Copyright (c) The New York Times Company [June 9, 2019]
Review by Publisher's Weekly Review
Barrie (Sextant), a member of the Royal Institute of Navigation, masterfully conveys new discoveries about animal navigation in this impressive popular science work. In addition to the usual suspects, such as the Monarch butterfly, Barrie relates the achievements of more obscure creatures, including the desert ants of North Africa, which use the sun as a compass. He notes that insect brains, despite their tiny size, consistently "generate an impressively diverse repertoire of navigational behavior." Even the lowly dung beetle is featured, as it is able to roll balls of dung in a straight line-backwards.
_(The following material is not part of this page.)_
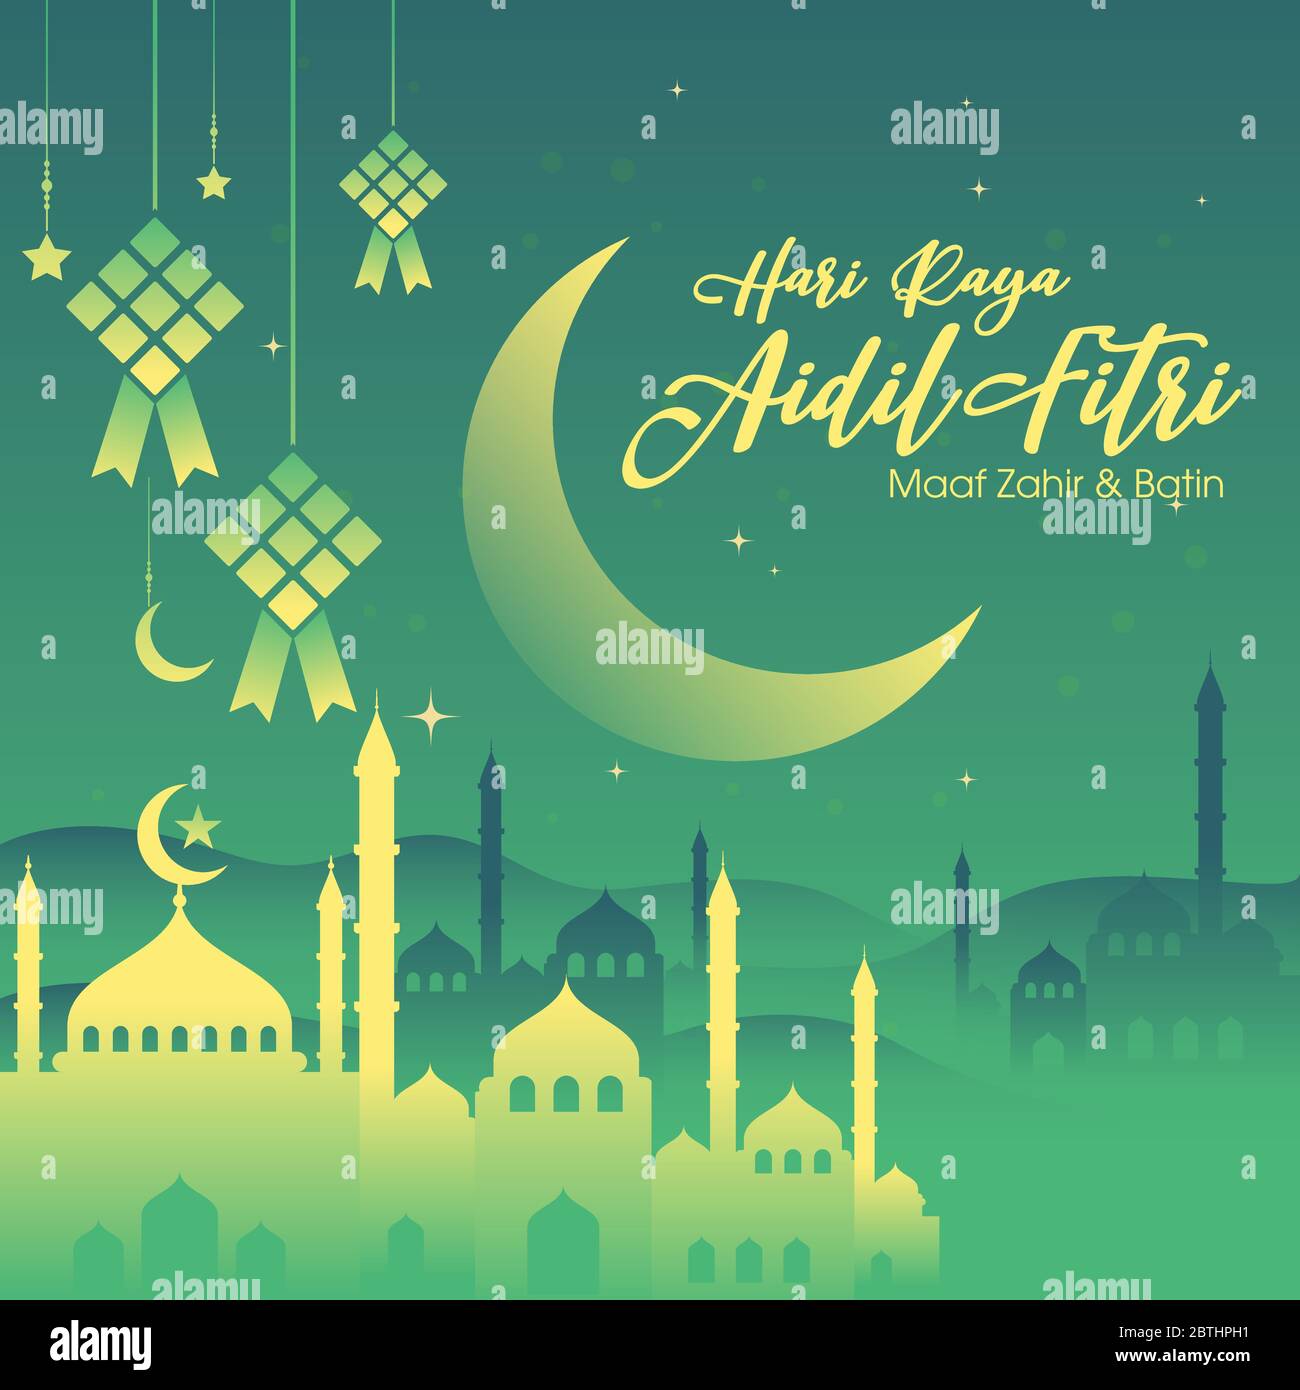 Muslim abstract greeting banners. Islamic vector illustration Stock ...
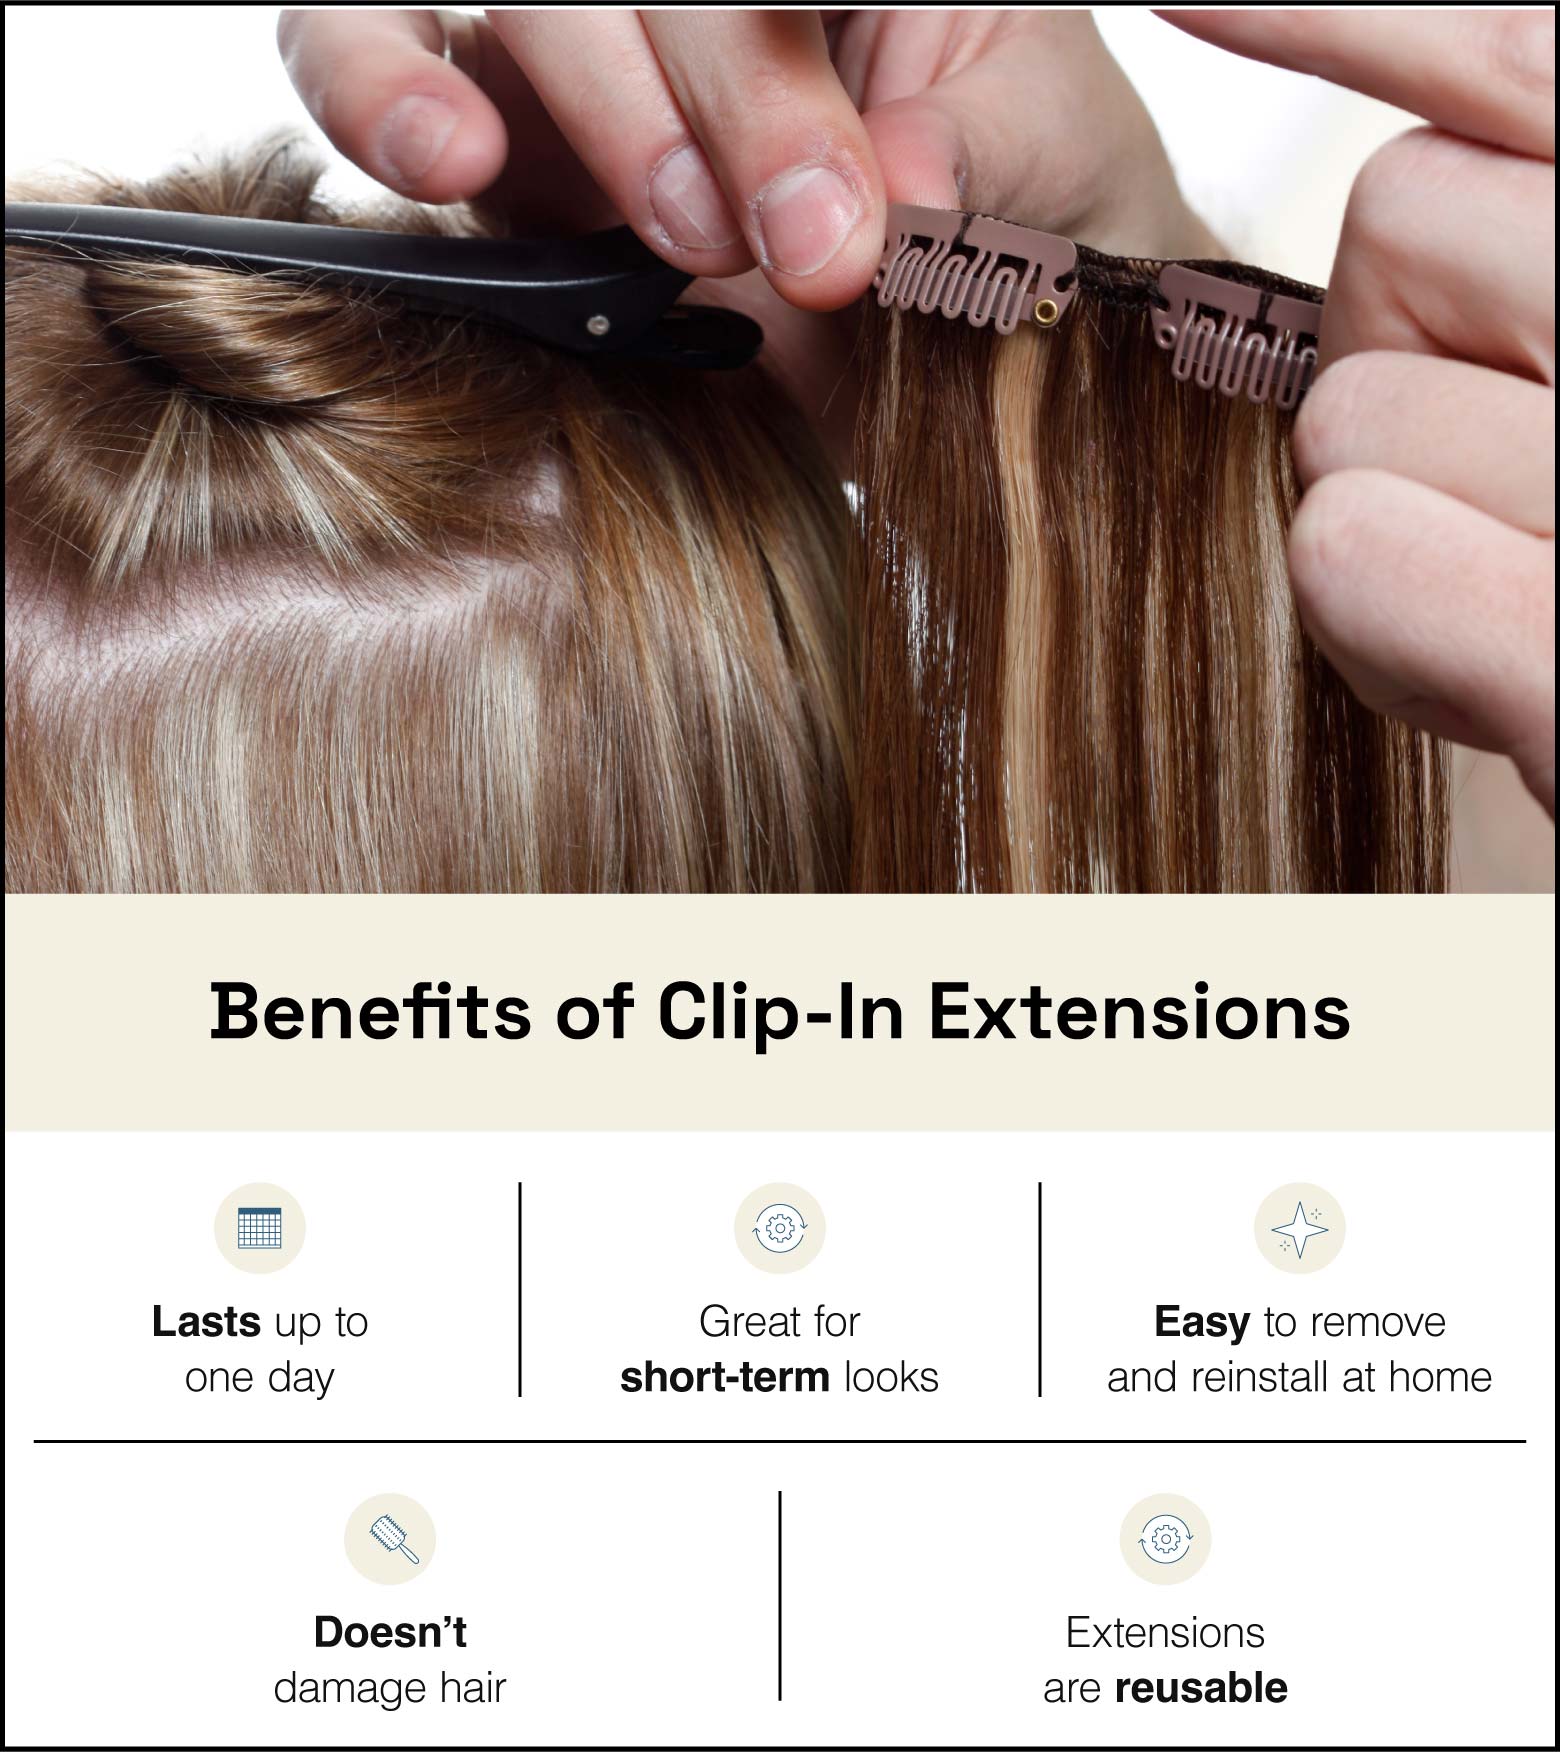 Example image of stylist installing clip-in extensions after dyeing them to match client’s hair with text below describing clip-in benefits.

Each chapter contains a surprise even for those familiar with the topic, such as the theory that homing pigeons make use of smell to navigate. Barrie cleverly stokes readers' curiosity about the subject with short sections at the end of each chapter describing even more remarkable, still unexplained feats, such as two-inch-long dragonflies that fly at least 3,500 kilometers over the ocean without stopping. More generally, he expresses a wish that what's been learned about the "neuroscience of navigation" in many species, including humans, might overcome anthropocentrism, driving home that "we are animals too." This is a must-read for anyone fascinated with the wonders of nature. Agent: Catherine Clarke, Felicity Bryan Associates. (May) © Copyright PWxyz, LLC. All rights reserved.
(c) Copyright PWxyz, LLC. All rights reserved
Review by Library Journal Review
Whether dung beetles racing toward undisturbed dining spots or sea turtles returning to natal beaches, animals display impressive way-finding feats. Experimental research reveals that a variety of organisms can determine their location, plot or correct their course of travel, and even build and interpret internal maps. But as former transatlantic sailor Barrie (Sextant: A Young Man's Daring Sea Voyage and the Men Who Mapped the World's Oceans) notes, nonhuman species also use polarized light along with chemical (olfactory) and even magnetic cues that humans are unable to detect. Human disruption of the environment threatens animal navigation, and the author asserts that we should be better caretakers of our planet. This title is more suitable for casual science readers than James and Carol Gould's Nature's Compass: The Mystery of Animal Navigation, but with early chapters lacking a cohesive narrative, it is less literary than Bernd Heinrich's The Homing Instinct. VERDICT Readers interested in natural history or biology will find this stimulating.-Nancy R. Curtis, Univ. of Maine Lib., Orono © Copyright 2019. Library Journals LLC, a wholly owned subsidiary of Media Source, Inc. No redistribution permitted.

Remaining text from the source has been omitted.